С девочкой гуляет бабушка. Ее в деревне уважают. Молчат, ничего не говорят. Но взгляды часто красноречивее слов.
За месяц я сильно худею. Становлюсь даже тоньше, чем до беременности была. Мало ем, мало сплю... Зато много себя жалею и ненавижу весь мир.
Бабушка качает головой, но успокаивает и меня, и себя тем, что это послеродовая депрессия и скоро все наладится.
А я уже не верю. Не надеюсь... И никак не могу полюбить. Свою дочь. Не могу… Я так мечтала о детях, а теперь стала бесчувственной куклой, которой, кажется, уже ни до чего нет дела. Это не мой ребенок, а бабушкин. Дело ведь не в том, кто родил, а в другом. Совсем в другом.
Время идет, а я все не могу… Думала, что привычка сыграет роль, привязанность… Но нет, ничего нет. Все равно не моя девочка. Она чужая. Голубоглазая. Нет, ледяная.
Я как будто все больше и больше умираю. Каждый день, каждый час, каждую минуту… Все чаще и чаще возникает желание сбежать, умереть, впасть в забытье, отмотать время назад. Да что угодно, но только не это!
Сейчас я смотрю, как бабушка улюлюкает с этой, по сути, чужой девочкой. Целует ножки, ручки, не притворяясь. Вот как так можно? Я все-таки не выдерживаю… Горючие слезы катятся по щекам. Все, что копилось долгое время, теперь выливается наружу.
– Прекрати, – произносит бабушка немного строго, а потом гладит ребенка и резко меняет интонацию: – Ты имя дочери придумала? Ее давно пора оформлять.
А я не знаю. И не хочу. Придумывать что-то. Она родилась в марте, так пусть и будет...
– Марта, – произношу я тихо.
– Марта, – повторяет бабушка и задумчиво смотрит на девочку. – А что? Ей идет. Весеннее имя, светлое, как глазки нашей крошки.
Глазки... Эти глазки!
– Собирайся, поедем в центр госуслуг. Тебе еще пособие положено, как матери-одиночке.
При этом слове у меня сдавливает грудь. Мать-одиночка. А еще хуже становится, когда понимаю, что надо выйти на улицу, стоять на остановке вместе с односельчанами, стоять под их взглядами и сгорать от стыда. Как бабушка может быть такой спокойной?
Наверное, она понимает, что я чувствую, потому что поднимается со скамейки и говорит:
– Смотри за ребенком, я схожу к Алексею. Мне не откажет – отвезет.
Я киваю. Наташкин отец действительно со своими вечными проблемами с желудком спасется только бабушкиными настоями.
Через час мы выезжаем. Ребенок в машине засыпает, а мы все молчим. Дядя Леша сосредоточенно смотрит на дорогу, бабушка держит на руках девочку. Господи, я не могу ее назвать своей дочкой…

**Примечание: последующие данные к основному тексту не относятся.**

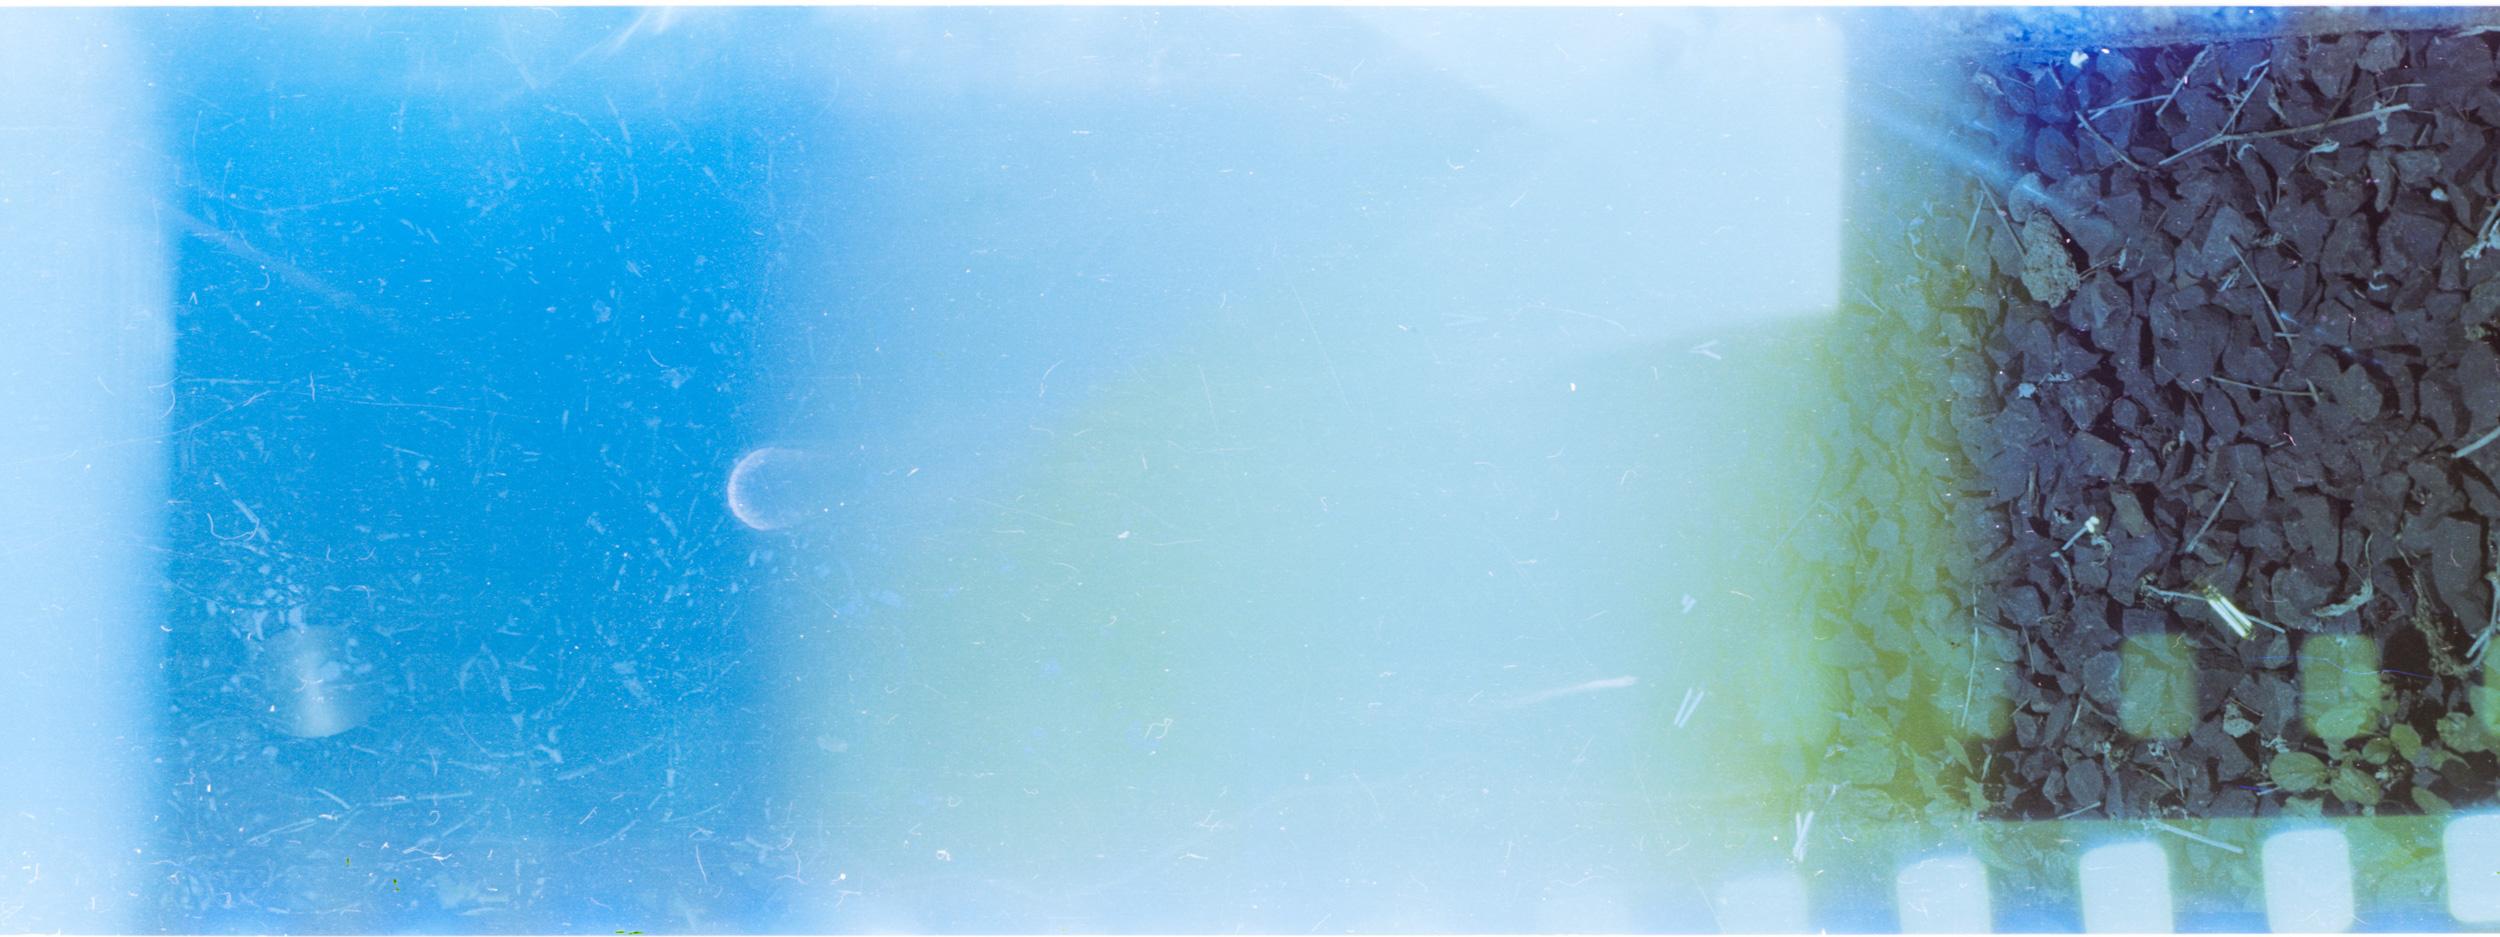 Seleção Deriva - 36.jpg

В райцентре я тоже жду осуждающих взглядов, медлю с выходом из машины. Но, кажется, никому до меня нет дела. Выдыхаю и иду вслед за бабулей. Ее здесь тоже многие знают, и в нескольких местах мы проходим без очереди. Везде договаривается бабушка, а я просто молчу и заполняю бумаги по образцу. А некоторые люди еще и сюсюкают с ребенком. И что они, чужие, в ней нашли, чего не вижу я? Чисто по-человечески я даже жалею этого ребенка, но принять не могу. Что-то внутри меня сопротивляется.

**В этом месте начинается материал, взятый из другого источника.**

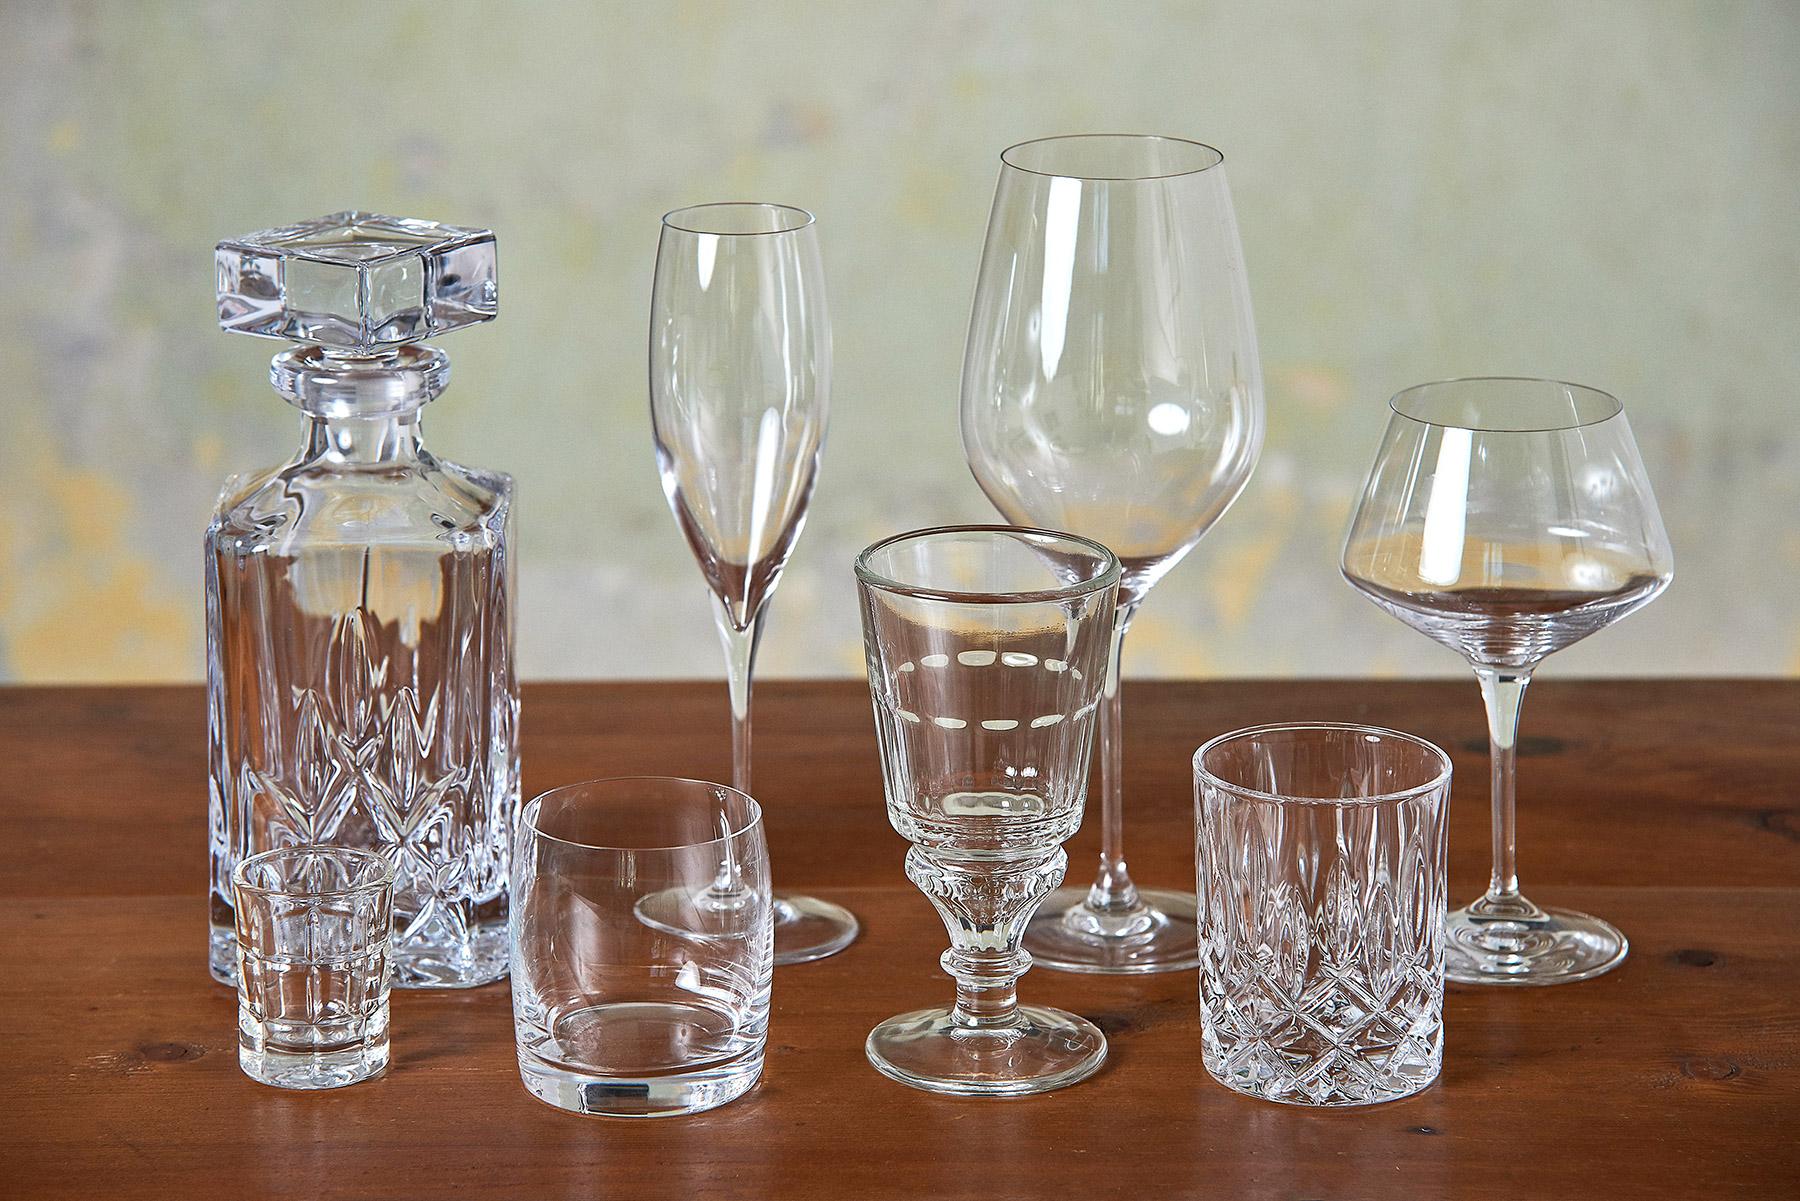 Různé druhy skleniček na alkohol a karafa

Я сильно устаю. Не думала, что очереди и бумаги так изматывают. Я иссякла, просто досуха выпита суровостью жизни. А бабушка еще тянет меня по магазинам. Из нее энергия бьет ключом, даже ребенок на руках не мешает.
Даже не помню, что она покупает, но домой вы возвращаемся с внушительными пакетами.
Я машинально разбираю покупки и, только когда бабушка забирает у меня из рук пачку соли, которую я собираюсь положить в холодильник, понимаю, что все делаю не так. Все не так, все не то. Как-то наперекосяк.
Бабушка берет меня за руку и подводит к столу. Я иду за ней безвольно, опускаюсь на табурет, а потом поднимаю глаза.
– Стася, твоя душа умирает.
– В смысле?
– Ты знаешь, что вот такое самоедство становится и причиной болезней, и причиной смертей. Тебе надо уезжать.
Что? Она сказала «тебе», но не «нам». Она меня выгоняет? Божечки, за что? Неужели даже моя мудрая бабушка не может принять гулящую внучку и ее байстрюка?